# AF 300 AC



## hcopter51 (Aug 29, 2018)

Probably a dumb question but what is the difference between an AF 300 and an AF 300 AC ? Is it that the 300 AC only runs on AC and you can't use a transformer?? :dunno: Not being an electrician that makes no sense to me....How do you run a train on AC ???? Dumbfoundedly Yours, John


----------



## AmFlyer (Mar 16, 2012)

All Gilbert Atlantic style (4-4-2 wheel arrangement) run on 0 to 17V AC. They will also run on 0 to 17V DC since they have series universal motors. No significant differences between the 300 and the 300AC. The Gilbert engines that were made with permanent magnet fields and run on DC only are just certain versions of the 0-8-0 and 4-8-4 engines. Most of these do not have DC after the number. Some such as the 332 were produced with both type of motor.


----------



## hcopter51 (Aug 29, 2018)

AmFlyer said:


> All Gilbert Atlantic style (4-4-2 wheel arrangement) run on 0 to 17V AC. They will also run on 0 to 17V DC since they have series universal motors. No significant differences between the 300 and the 300AC. The Gilbert engines that were made with permanent magnet fields and run on DC only are just certain versions of the 0-8-0 and 4-8-4 engines. Most of these do not have DC after the number. Some such as the 332 were produced with both type of motor.


Thank You, very interesting.....I did not know any of that....I was wondering for a long time and just thought I would ask....:thumbsup:


----------



## AmFlyer (Mar 16, 2012)

Ask away! Postwar AF can be a lot different than postwar Lionel.


----------



## hcopter51 (Aug 29, 2018)

AmFlyer said:


> Ask away! Postwar AF can be a lot different than postwar Lionel.

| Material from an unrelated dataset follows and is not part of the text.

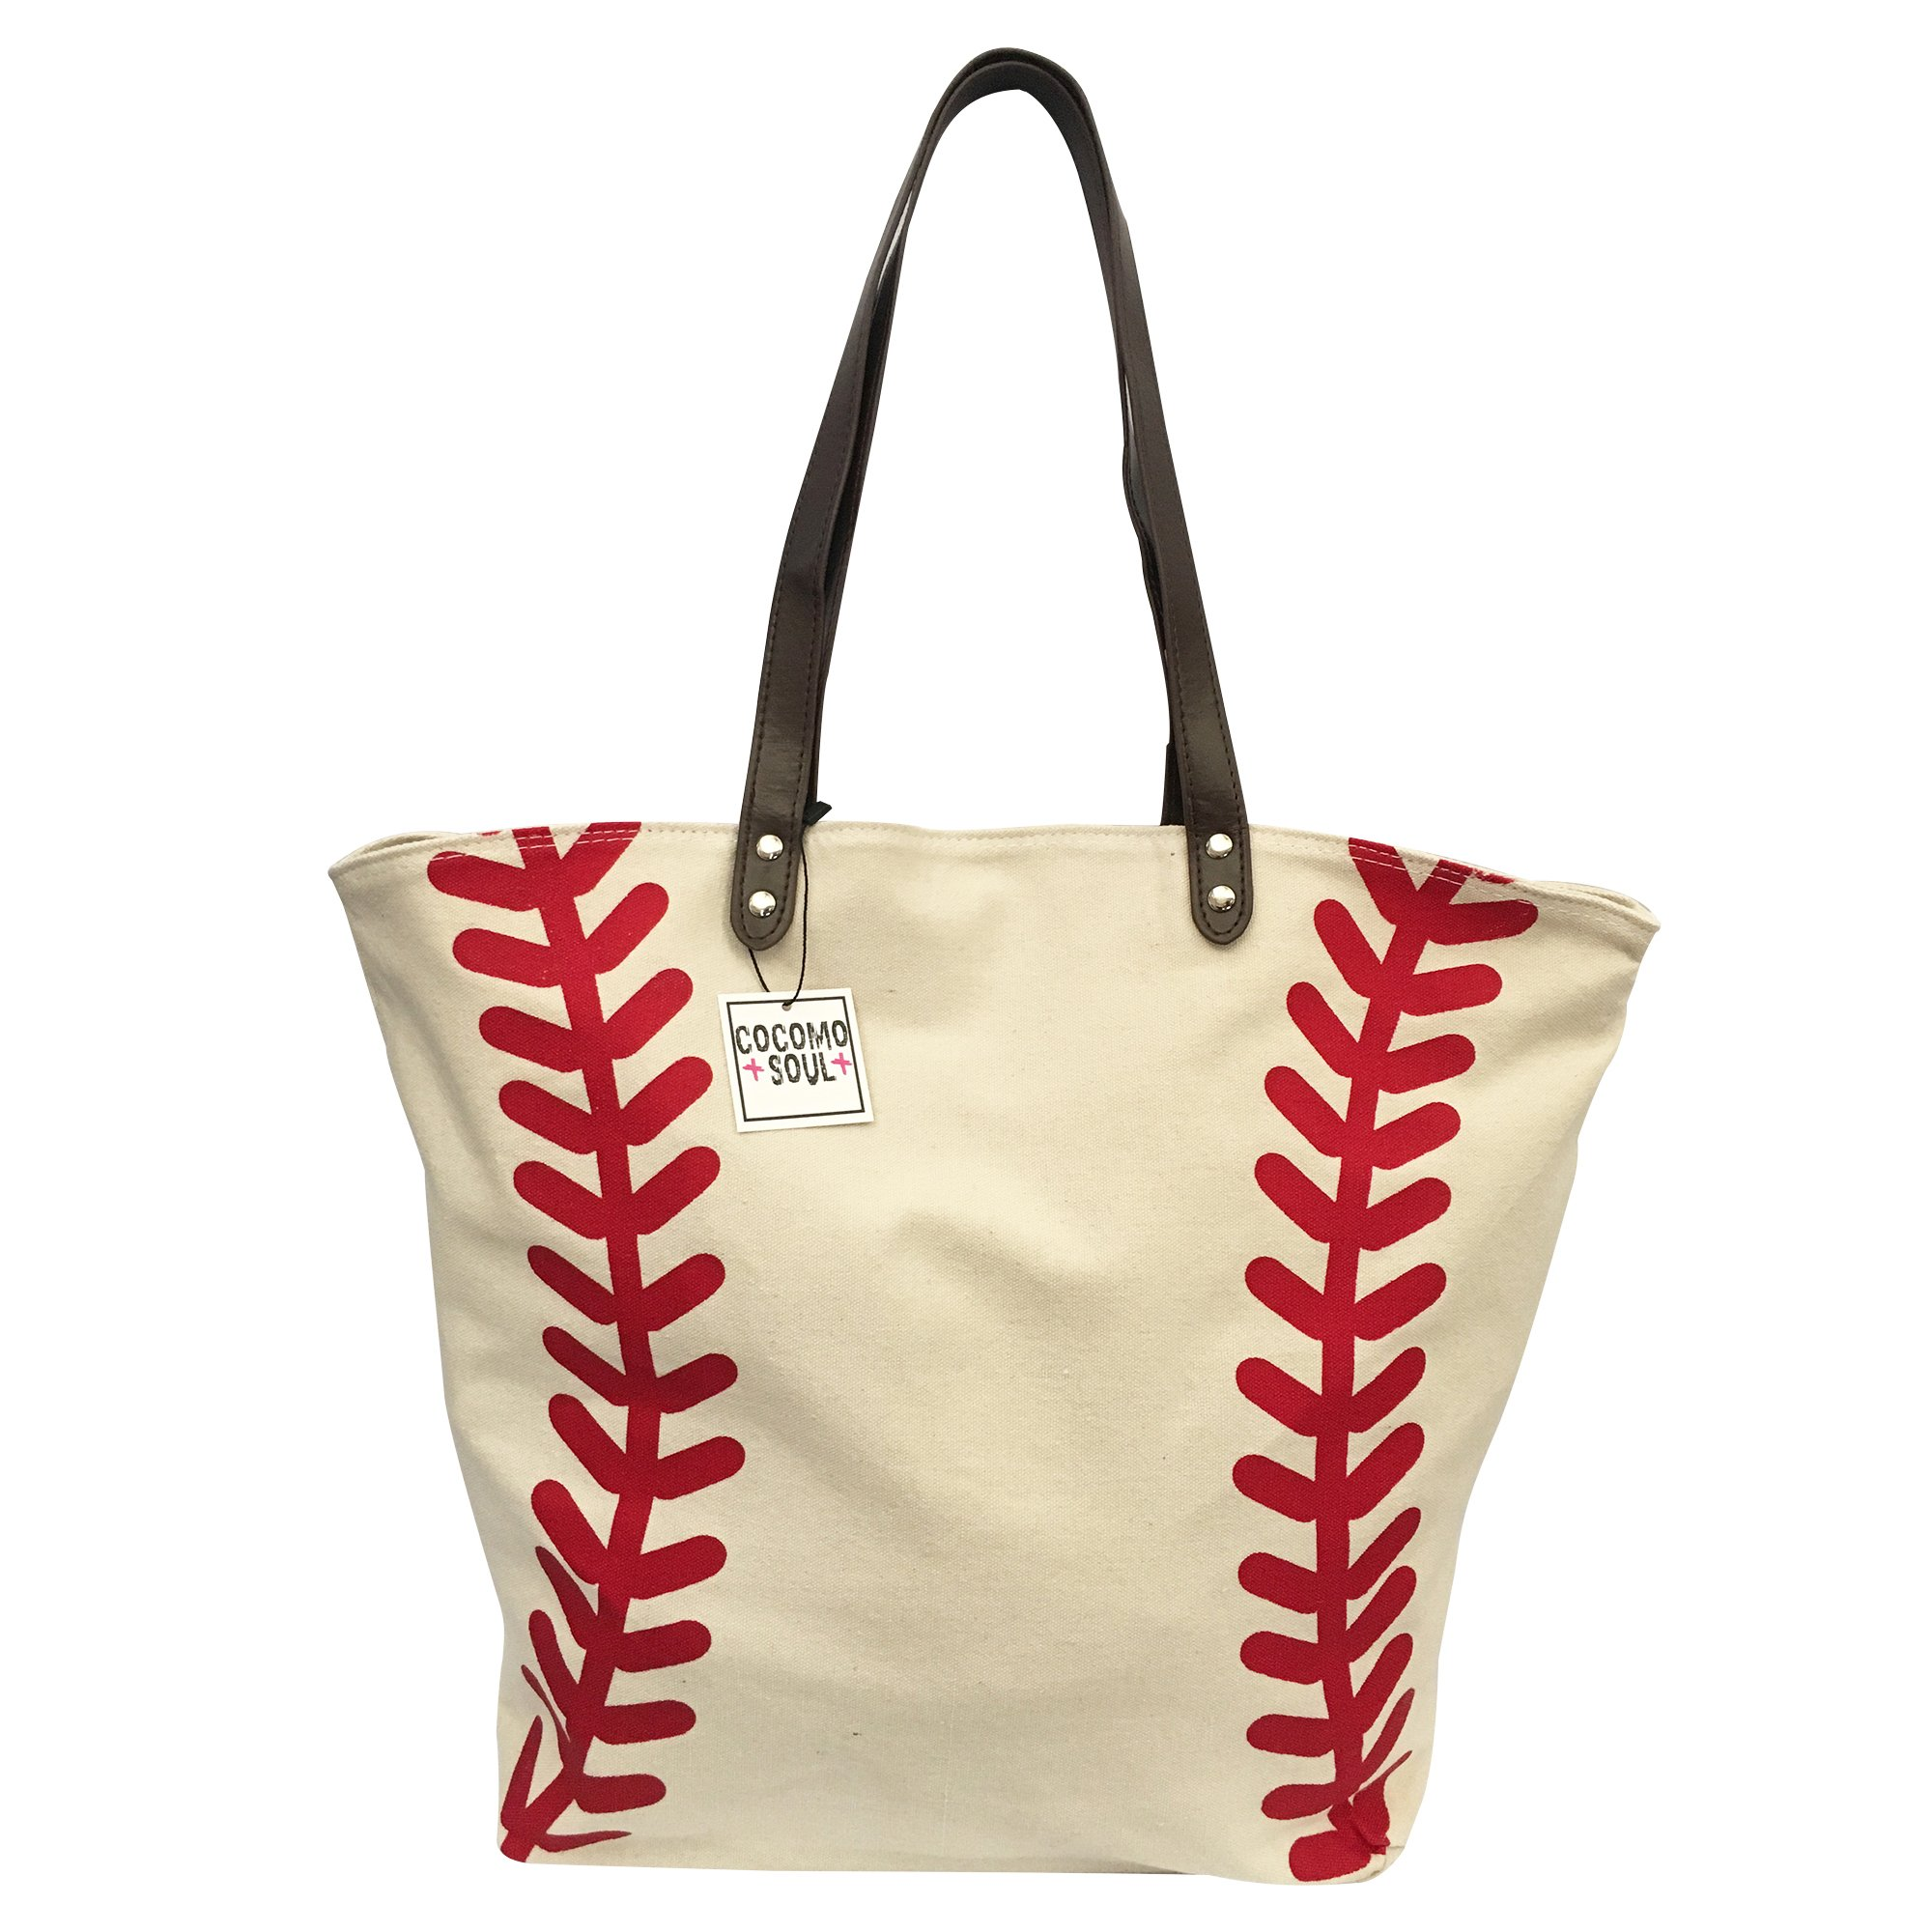 Baseball Canvas Tote Bag Handbag Large Oversize Sports 20 x 17 Inches

On the same lines....Can anyone show or tell me how the tender for the 300 should be wired to the loco? When I connect a transformer lead from base and 7-15v post directly to the cab, the loco runs fine....Then, when I attach the tender leads to the cab it does NOT....Looks like the tender wires go from both wheelsets to the base and 7-15v connections on the cab...Is one of these tender leads not grounded or what? thanks


----------



## cramden (Oct 13, 2015)

Make sure the brass or metal wheels are clean and on opposite sides of the tender trucks, front truck both wheels on one side and rear truck both wheels are on opposite side. If that is okay check continuity from the front truck wheels to the end of one wire male plug and the same for rear truck to the other wire plug. If no continuity at one truck then make sure the brass strips that rub the axles on the tender trucks are clean and snug against the axles. If all that checks then remove the tender body by gently twisting the locking tabs that come thru the tender chassis and look for a broken wire or bad solder connection on the rivets that hold the trucks on the chassis. Usually its a simple fix but if all of that is good the tender could be shorting at the truck rivets or the drawbar. Hope these suggestions will find the problem.


----------



## hcopter51 (Aug 29, 2018)

cramden said:


> Make sure the brass or metal wheels are clean and on opposite sides of the tender trucks, front truck both wheels on one side and rear truck both wheels are on opposite side. If that is okay check continuity from the front truck wheels to the end of one wire male plug and the same for rear truck to the other wire plug. If no continuity at one truck then make sure the brass strips that rub the axles on the tender trucks are clean and snug against the axles. If all that checks then remove the tender body by gently twisting the locking tabs that come thru the tender chassis and look for a broken wire or bad solder connection on the rivets that hold the trucks on the chassis. Usually its a simple fix but if all of that is good the tender could be shorting at the truck rivets or the drawbar. Hope these suggestions will find the problem.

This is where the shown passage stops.